Neuropathic pain is a widespread health problem (1). It is a complex disorder, which leads to chronic illness. Although considerable progress has been made, the mechanisms of neuropathic pain remain to be fully elucidated (2). Accumulating evidence indicates that neuroinflammation may be critical in the initiation and maintenance of neuropathic pain, which is now considered to be a neuroimmune disorder (3–6). Studies have shown that the activation of glial cells, including microglia and astrocytes, contributes to central nervous system neuroinflammation and promotes central sensitization, promoting the subsequent development and maintenance of neuropathic pain (7–9). In addition, several studies have shown that inhibiting microglial and astrocytic activation have analgesic effects in neuropathy (10–12). However, no effective drugs have been found to provide efficient treatment.

Chinese herbs are an important resource for potential novel drugs to develop safe and effective agents for the management of neuropathic pain. Several plants have been found to be effective for antagonizing chronic neuropathic pain (13–15). Paeoniae alba Radix, the dried roots of Paeonia lactiflora Pallas or Paeonia veitchii Lynch, is one of the traditional Chinese crude drug herbs. It has been widely used in traditional Chinese prescriptions to alleviate various issues, such as blood extravasation, blood stagnation and female genital diseases (16). Paeoniflorin (Fig. 1), a monoterpene glycoside, is one of the principal active ingredients of Paeoniae alba Radix, and has been reported to exhibit several pharmacological effects, including anti-inflammatory, anti-oxidant and neuroprotective effects (17–20). In nervous disorders in particular, PF has been reported to exert neuroprotective effects against Alzheimer's disease, cerebral ischemia and Parkinson's disease in experimental models (18,21,22). However, no there have been no reports on the analgesic properties of PF in neuropathic pain.

Figure 1. Chemical structure of peaoniflorin.

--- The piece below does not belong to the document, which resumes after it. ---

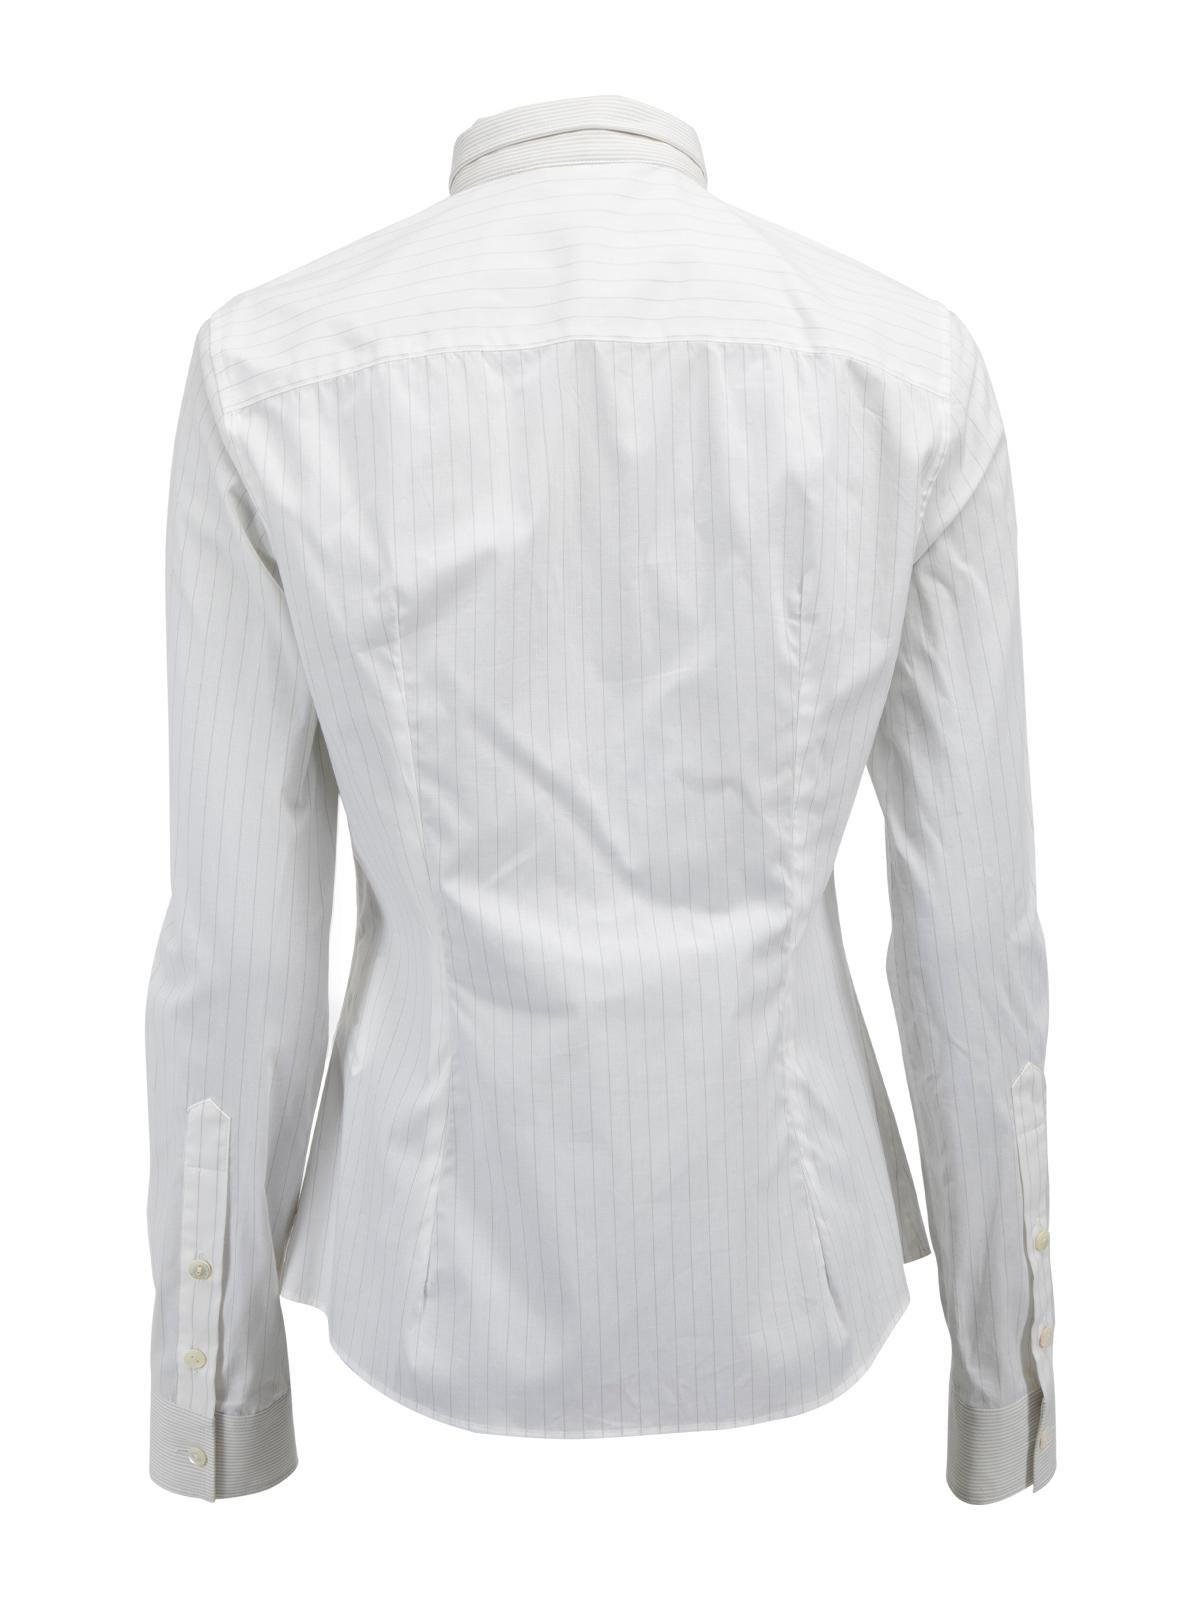 Pre-Loved Dolce & Gabbana Women's White Striped Cotton Shirt with Detachable In Excellent Condition For Sale In London, GB

Previous studies have suggested that PF has potent neuroprotective effects by inhibiting inflammatory responses (18,19,23,24). As neuroinflammation is important in the initiation and maintenance of neuropathic pain, the present study hypothesized that PF can ameliorate neuropathic pain. Therefore, the present study aimed to observed the antagonistic effect of PF on neuropathic pain in a rat model of chronic constriction injury (CCI) and to examine its underlying mechanism.

Materials and methods

Drugs

PF was extracted from Paeoniae alba Radix (Weifang Shengtai Pharmaceutical Industry Co., Ltd., Weifang, China; cat. no. 20150301), and the preparative separation and purification were performed as described previously (25). The purity of PF was determined to be >98% using a high-performance liquid chromatographic assay (Fig. 2). PF was dissolved in normal saline solution (8 mg/ml).

Figure 2. High-performance liquid chromatography chromatogram of paeoniflorin.

Animals

A total of 30 male Wistar rats (7-week-old; 200–220 g) were obtained from SPF Biotechnology Co., Ltd. (Beijing, China). The rats were housed in a 12-h light/dark schedule at a temperature of 23±2°C and a humidity of 60±5% environment with free access to food and water during the 1-week acclimatization period. All animal experiments conformed to the Guide for the Care and Use of Laboratory Animals of the National Institutes of Health (Bethesda, MD, USA). The use of the rats was reviewed and approved by the animal care committee of Beijing University of Chinese Medicine (Beijing, China).

CCI of the sciatic nerve

The animals were subjected to CCI, as previously described by Bennett and Xie (26). In brief, the rats were anesthetized with chloral hydrate (300 mg/kg intraperitoneal injection) and the right sciatic nerve was exposed at the mid-thigh level. Proximal to the sciatic trifurcation, adhering tissue was removed from ~7 mm of the nerve and four ligatures (chromic catgut 4.0) were tied loosely at 1.0 mm intervals. Sham surgery was performed by exposing the right sciatic nerve without ligation.

Drug treatment

The rats were randomly divided into three groups (10 rats in each group): Sham surgery group (Sham), CCI group (CCI) and CCI+50 mg/kg PF group. The optimal administration dosage of PF was selected according to the results of preliminary experiments. The PF or vehicle (10 ml/kg) was administered by intraperitoneal injections once a day for 11 days, starting on the first day post-CCI.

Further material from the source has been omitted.